# On normal numbers and e

Posted by Jason Polak on 30. January 2018 · Write a comment · Categories: number-theory · Tags: ,
A real number is simply normal in base $b$ if the frequency of each base $b$ digit in the first $n$ digits tends to a limit as $n$ goes to infinity, and each of these limits is the same.

In other words, a real number is simply normal in base $b$ if each digit appears with equal frequency. It may not be the case of course that the frequency is well-defined: as you keep computing more and more decimal digits of a number, the frequency of any given digit could keep oscillating.

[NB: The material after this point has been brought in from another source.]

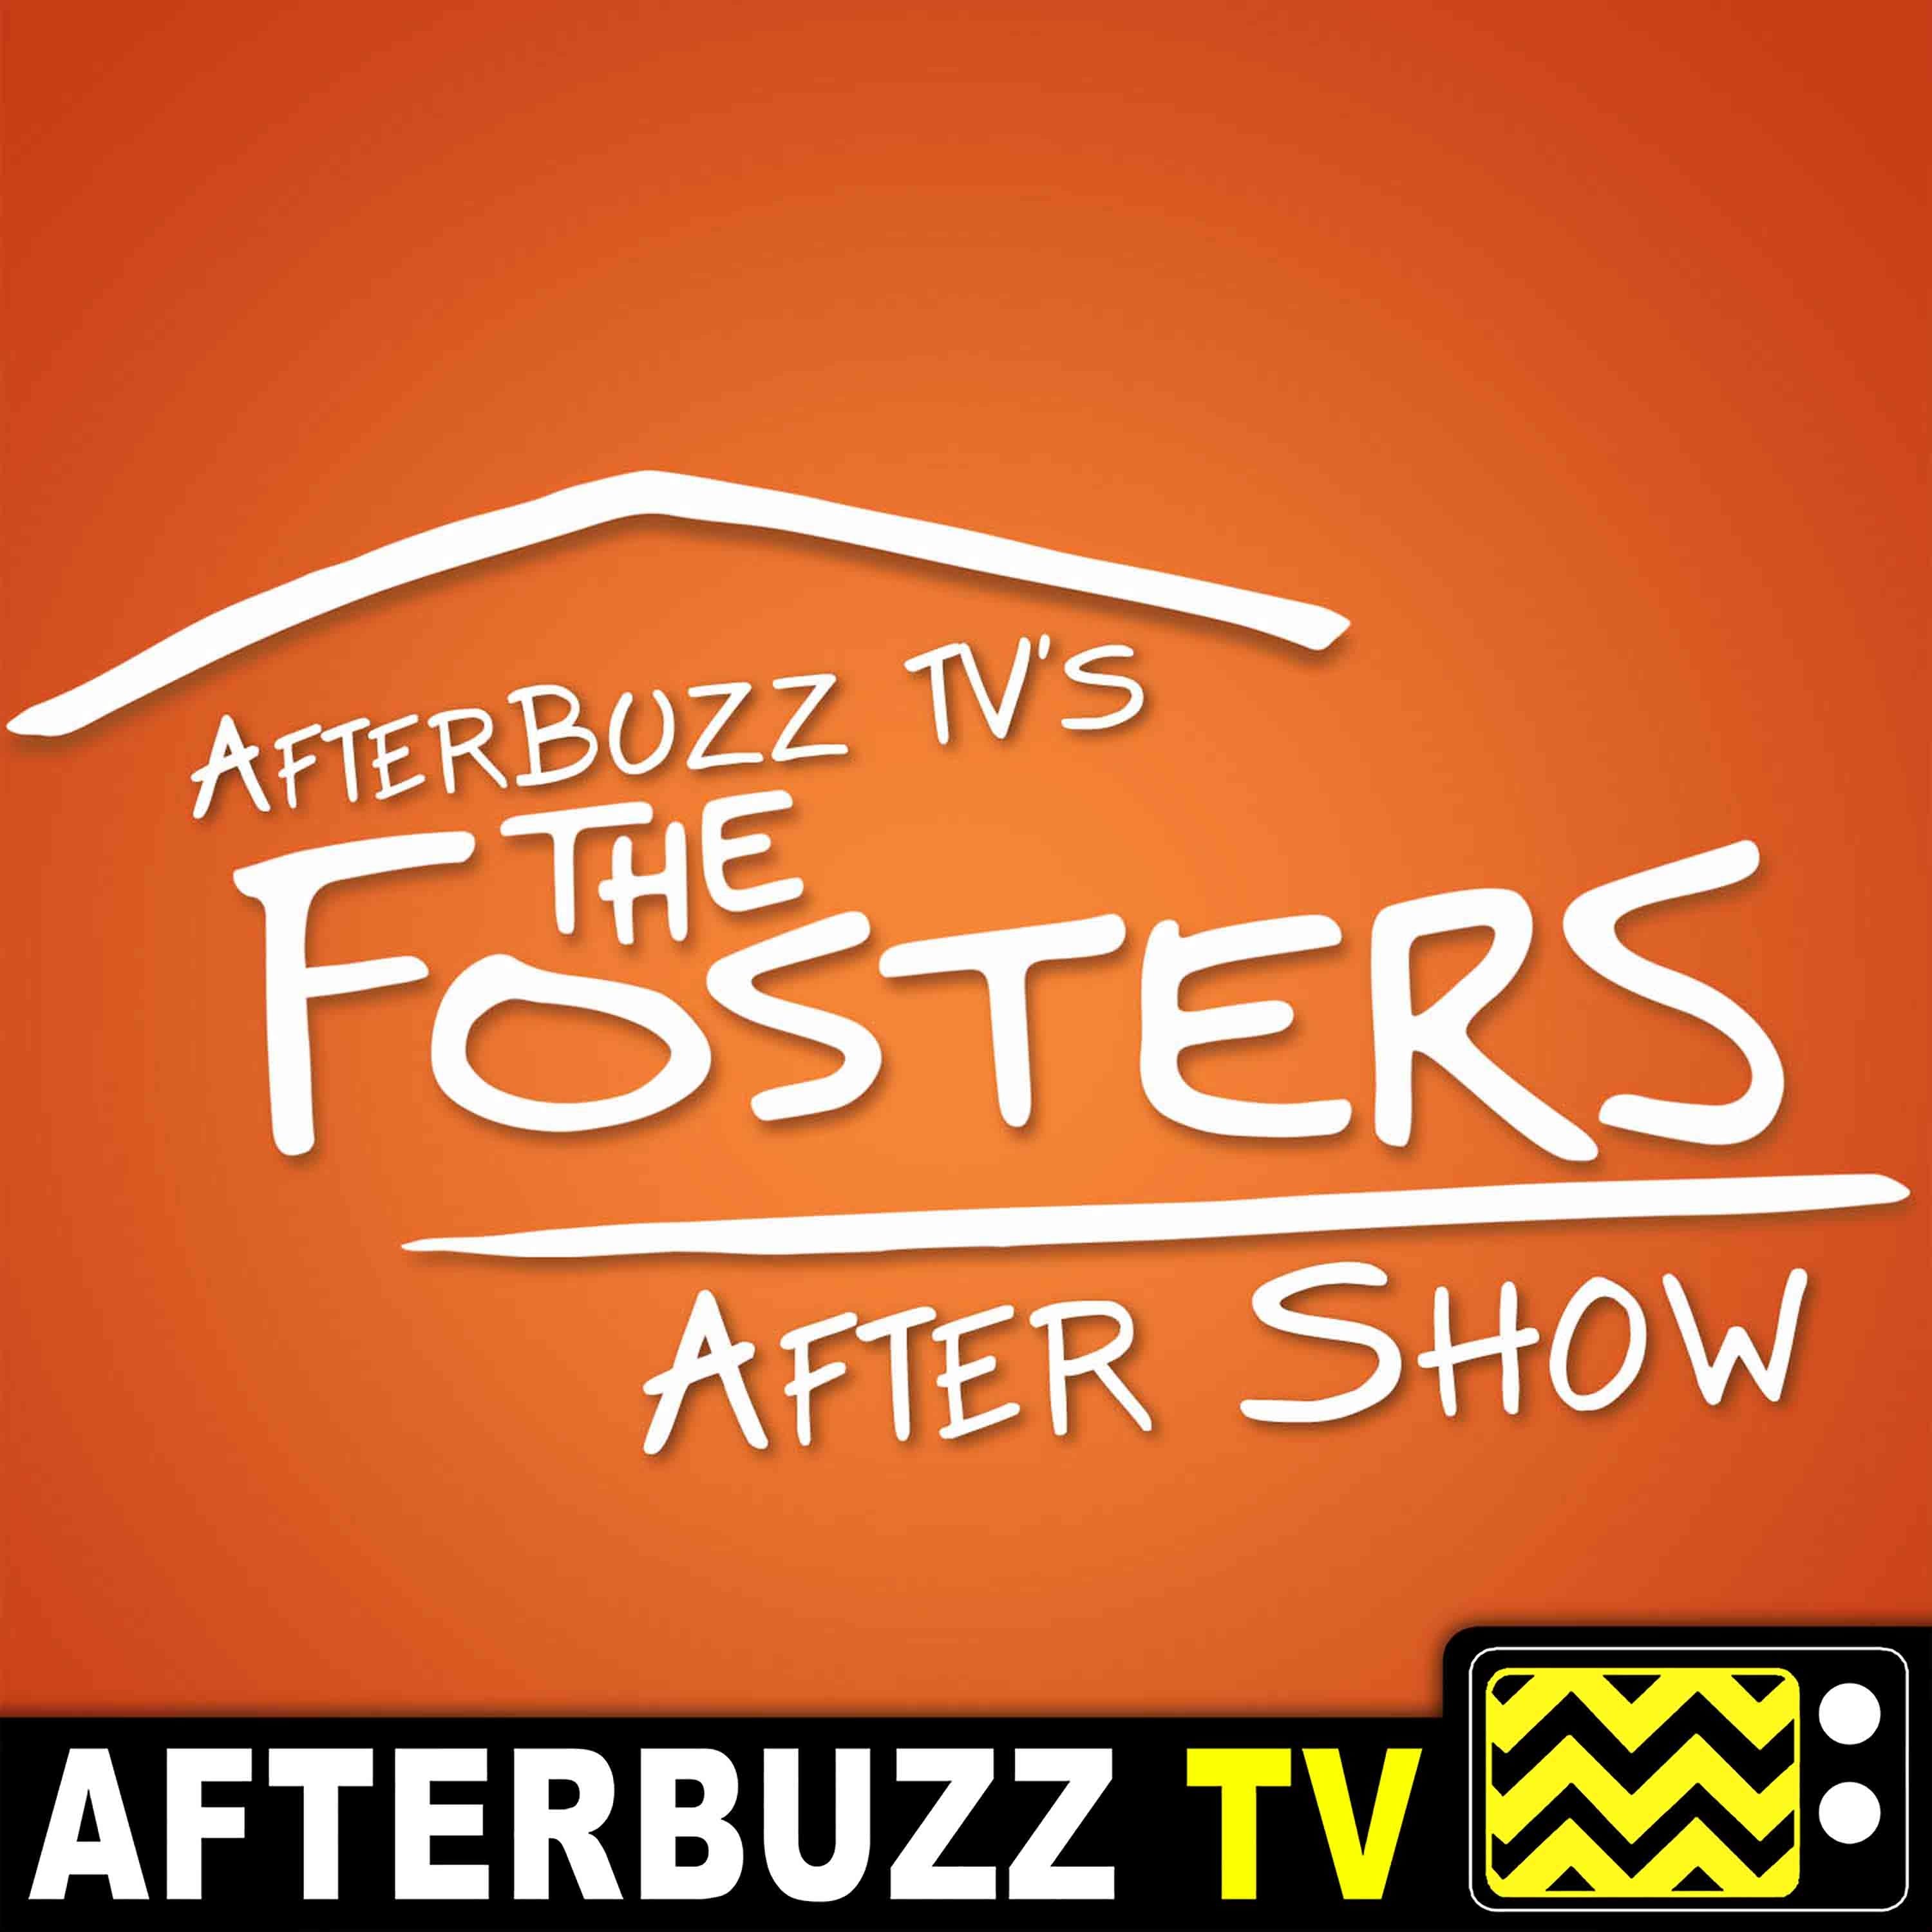 The Fosters S:2 | Caitlin Carver Guests on Play E:3 | AfterBuzz TV AfterShow

A real number is normal in base $b$ if the frequency of each length $k$ string of numbers exists and is equal to $1/b^k$.

A rational number can be simply normal in some base. For example, 0.12345678901234567890…. is simply normal in base ten. Rational numbers can’t be normal, since their decimals repeat. Irrational numbers can be normal, and in fact almost every number is normal in the sense of the Lebesgue measure. Champernowne proved that the number

0.123456789101121314…

is normal to every base. Mathematicians believe that $e$ and $\pi$ are normal but no one has ever proved it, or found a proof that they are not normal. It’s tempting to look at some numerical evidence. For example, here are the frequencies of the digits in the first 301029 decimal digits of $e$:

 0 30057 1 30283 2 29785 3 30316 4 30206 5 30044 6 30375 7 30065 8 30055 9 29843

Counting these took about 2.4 seconds. Looks like the digit ‘6’ occurs the most often, whereas ‘2’ occurs the least often. Is this about what we’d expect? Here’s the result of a $\chi^2$-test for goodness of fit, the null hypothesis being that the probability of each digit is the same:

X-squared = 11.309, df = 9, p-value = 0.2551

Looks like there’s no reason to be alarmed. Of course, since the normality and simple normality of a number depends only on the “tail” of its expansion, just testing a finite number of digits can be misleading. The rational number defined by the first 301029 digits of $e$ is not normal or simply normal.

The frequencies for all two digit combinations starts off like this:

 00 2957 01 3035 02 3040 03 2978

You probably don’t want to look at the other 96 frequencies. But a $\chi^2$-test reveals the following:

X-squared = 108.06, df = 99, p-value = 0.2506

Although this is rather convincing that $e$ is normal, none of this proves anything. If it is, you’d expect 12345 to occur about three times in the first 301029 digits. In fact it does, the first time starting at the 166412th digit. The sequence 99999 only occurs once, starting at the 290471st digit. Even though the odds are against it, the starting six digit sequence 271828 actually does occur once, at the 252474th digit. Maybe that will help you memorise $e$?